The keyboard is live during playback, enabling you to play duets. If you switch the recorder off the recording is lost, so Roland supply an interface that connects via a couple of jack sockets on the back of the recorder and lets you dump the contents of the memory to cassette. The Play, Record and Reset buttons double as Save, Load and Verify respectively and the entire contents of the memory - not part - may be shuttled to or from cassette tape. This of course means that you can build a repertoire of recorded material - say one half of your favourite duets - and the play them back while performing the other half 'live'.

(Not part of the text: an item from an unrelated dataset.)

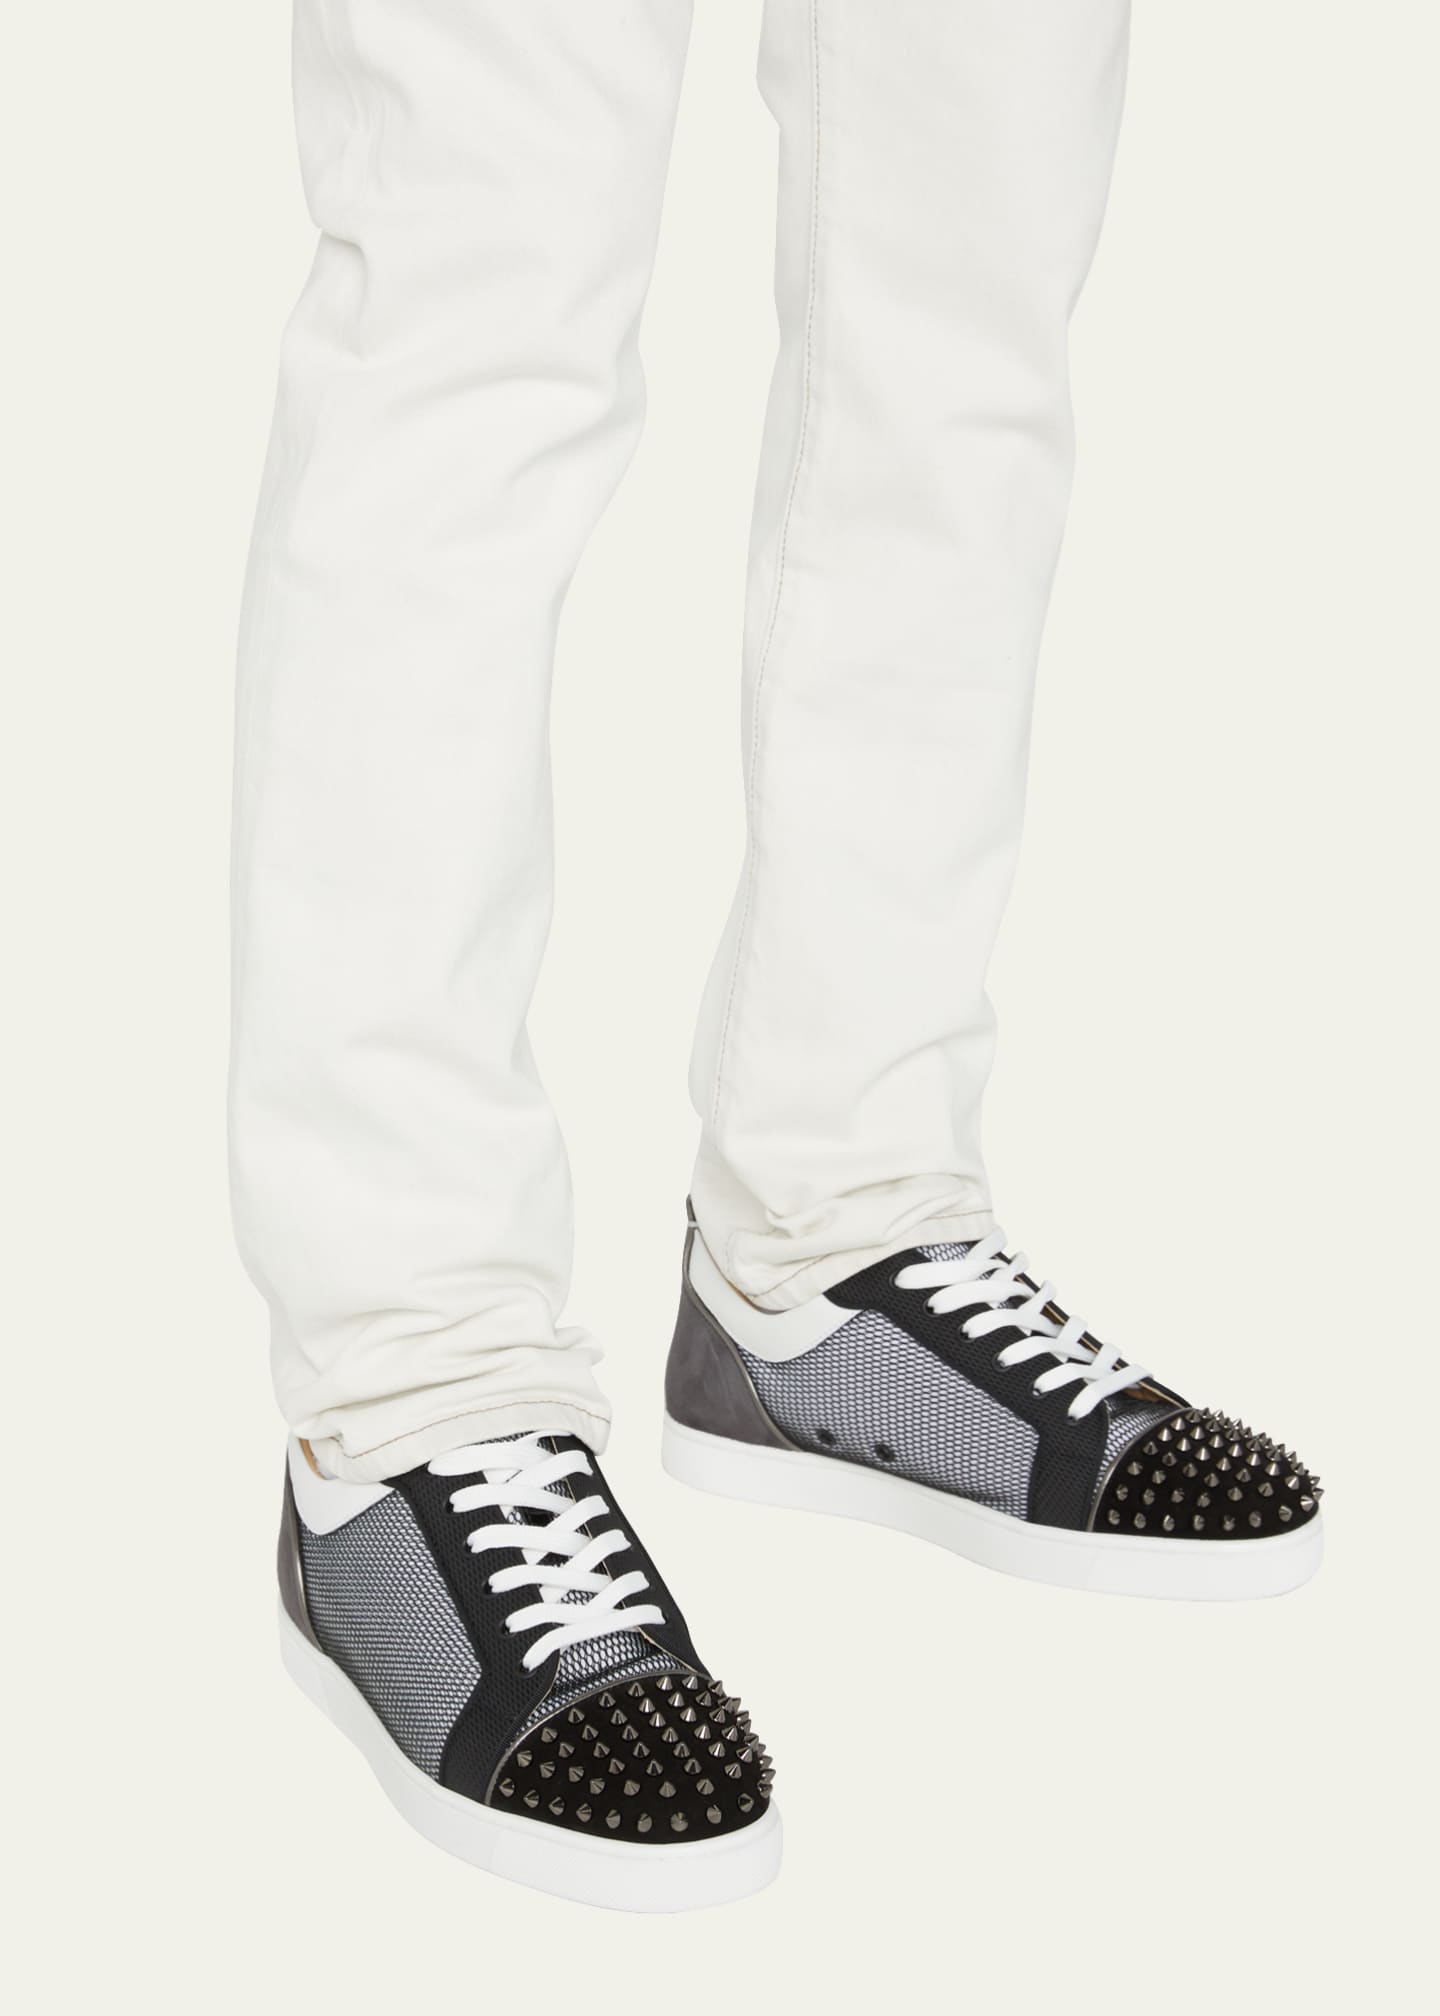 Christian Louboutin Men's Louis Junior Spikes Orlato Leather Sneakers

Auntie Maud would be really impressed!
As a complete system, the HP400 (or 300), PB300 and PR800 chat away to each other along the MIDI bus and seem to get along fine.
Personally I found the rhythm unit both limited and limiting, and would very much rather use another (programmable) Roland rhythm unit, even though this would probably work out more expensive.
Having said that, this is not really the sort of set-up you can take out to gig with since it's really designed as a piano system for the domestic player, and in this context the rhythm unit is up to scratch, while the piano touch doesn't have to be too realistic I suppose.
Certainly, the recorder is an excellent unit and makes the Piano Plus system well worth looking at as well as being excellent value for money in its own right.